Form S-8

As filed with the Securities and Exchange Commission on April 7, 2004

Registration No. 333-________

UNITED STATES
SECURITIES AND EXCHANGE COMMISSION
Washington, D.C. 20549


Form S-8

REGISTRATION STATEMENT
Under
THE SECURITIES ACT OF 1933

HEWLETT-PACKARD COMPANY
(Exact name of issuer as specified in its charter)


Delaware
(State or Other Jurisdiction
of Incorporation or Organization)

 94-1081436 
(I.R.S. Employer
Identification No.)


3000 Hanover Street, Palo Alto, California 94304
(Address of Principal Executive Offices)(Zip Code)

TruLogica, Inc. 2003 Stock Plan
(Full Title of the Plan)

ANN O. BASKINS
Senior Vice President, General Counsel and Secretary
3000 Hanover Street, Palo Alto, California 94304

(Name and address of agent for service)

(650) 857-1501
(Telephone Number, including area code, of agent for service)

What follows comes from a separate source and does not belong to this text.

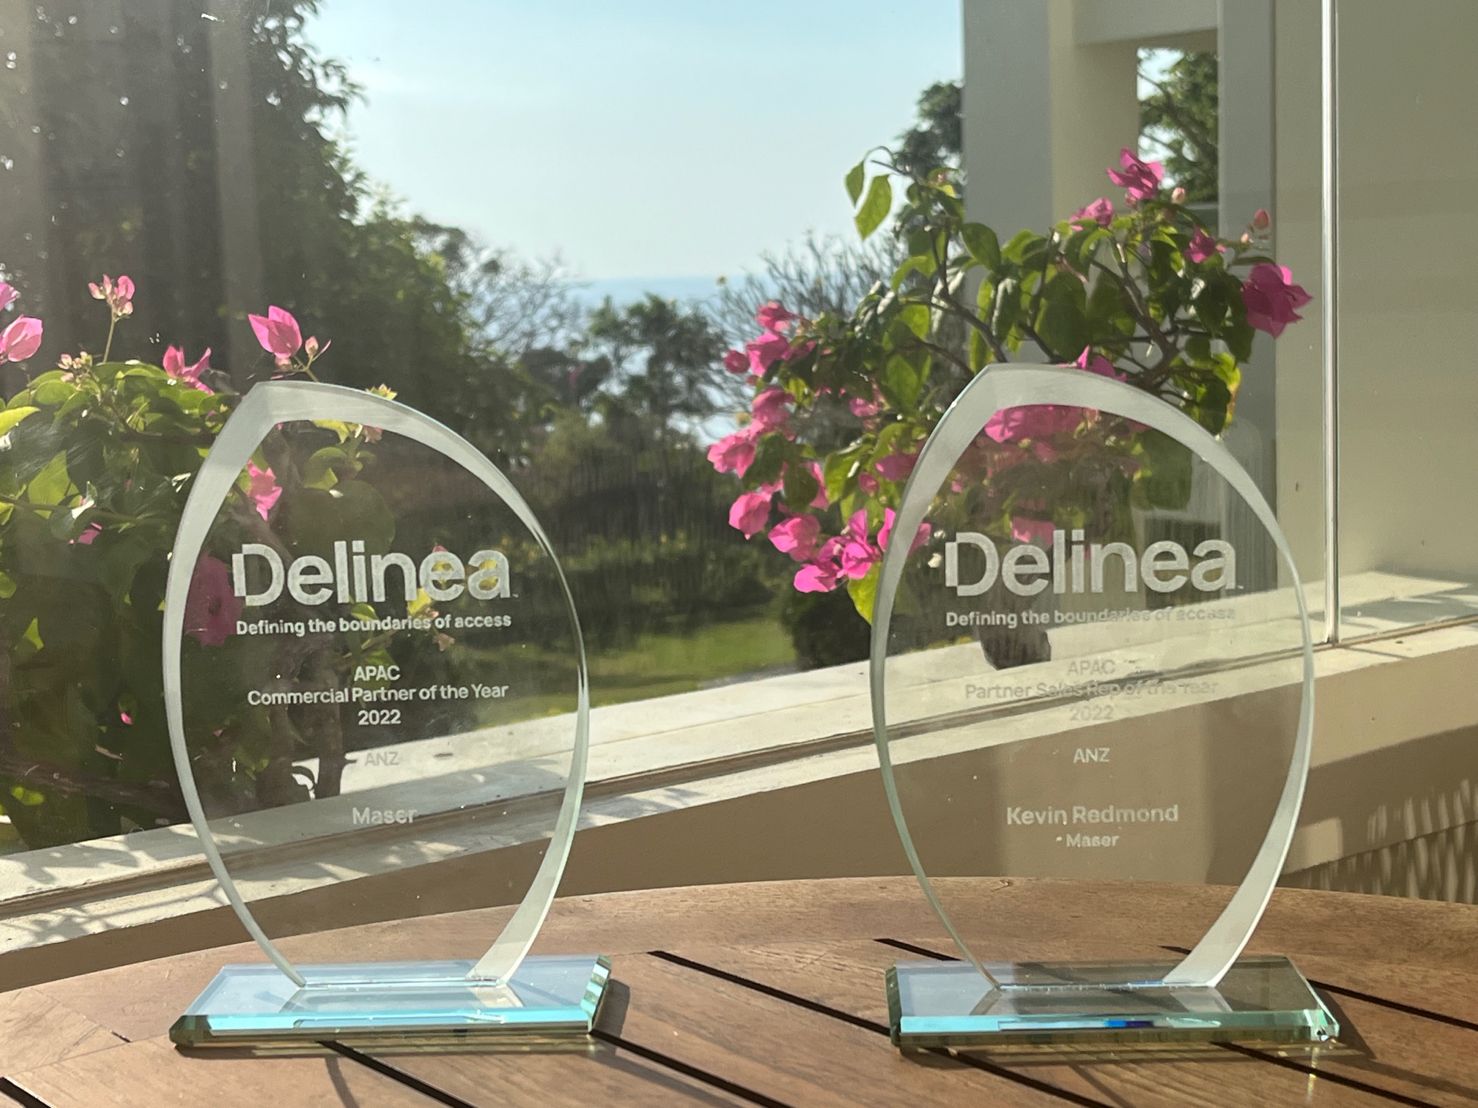 Maser awarded APAC Commercial Partner of the Year 2022 ANZ for Delinea

CALCULATION OF REGISTRATION FEE
Title of Securities to be
Registered

Amount to be
Registered(1)

Average Offering
Price per Share (2)

Aggregate Offering
Price (2)

Amount of
Registration Fee

Common Stock of Hewlett-Packard Company, $.01 par value per share to be issued under the TruLogica, Inc. 2003 Stock Plan

148,816 shares

$0.70

$104,171.20

$13.20 


Total

148,816 shares

$0.70

$104,171.20

$13.20 


(1)
     This Registration Statement shall also cover any additional shares of Hewlett-Packard Company common stock that become issuable under the TruLogica, Inc. 2003 Stock Plan by reason of any stock dividend, stock split, recapitalization or other similar transaction effected without the Registrant's receipt of consideration which results in an increase in the number of the outstanding shares of Registrant's common stock.

(2)    Calculated solely for purposes of this offering under Rule 457(h) of the Securities Act of 1933, as amended, (the "Securities Act") on the basis of the weighted average exercise price of the outstanding options.



PART II
Information Required in the Registration Statement

Item 3.     Incorporation of Documents by Reference.

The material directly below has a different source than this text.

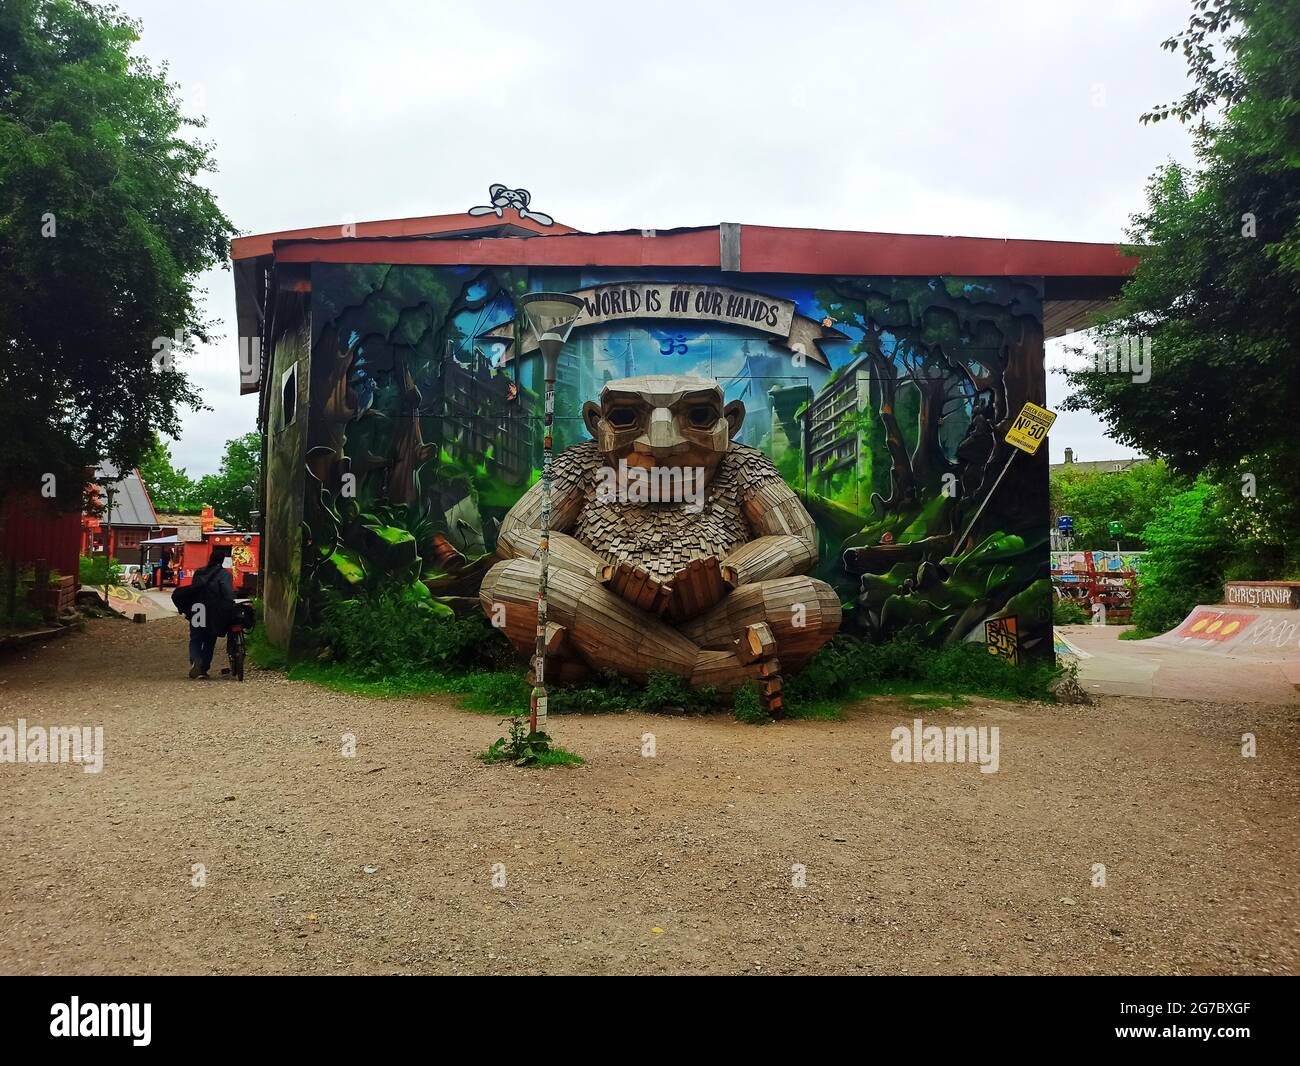 Copenhagen, Denmark - July 2021: GREEN GEORGE, also known as 'The World Is In Our Hands' trashed wooden art installation in Freetown Christiania Stock Photo

        Hewlett-Packard Company (“Registrant”) hereby incorporates by reference into this Registration Statement the following documents previously filed with the Securities and Exchange Commission (the “Commission”):

(a)  

 Registrant’s Annual Report on Form 10-K for the fiscal year ended October 31, 2003 filed with the Commission on January 20, 2004 pursuant to Section 13 of the Securities Exchange Act of 1934, as amended (the “Exchange Act”);


(b)  

All other reports filed pursuant to Section 13(a) or 15(d) of the Exchange Act since the end of the fiscal year covered by Registrant’s Annual Report referred to in (a) above; and


(c)  

The description of Registrant’s common stock contained in our registration statement on Form 8-A, and any amendment or report filed with the Commission for the purposes of updating such description.


        All reports and definitive proxy or information statements filed pursuant to Section 13(a), 13(c), 14 or 15(d) of the Exchange Act, after the date of this Registration Statement and prior to the filing of a post-effective amendment, which indicates that all securities offered hereby have been sold or which de-registers all securities then remaining unsold, shall be deemed to be incorporated by reference into this Registration Statement and to be a part hereof from the date of filing such documents. Unless expressly incorporated into this Registration Statement, a report furnished on Form 8-K shall not be incorporated by reference into this Registration Statement. Any statement contained in a document incorporated or deemed to be incorporated by reference herein shall be deemed to be modified or superseded for purposes of this Registration Statement to the extent that a statement contained in any subsequently filed document which also is deemed to be incorporated by reference herein modifies or supersedes such statement.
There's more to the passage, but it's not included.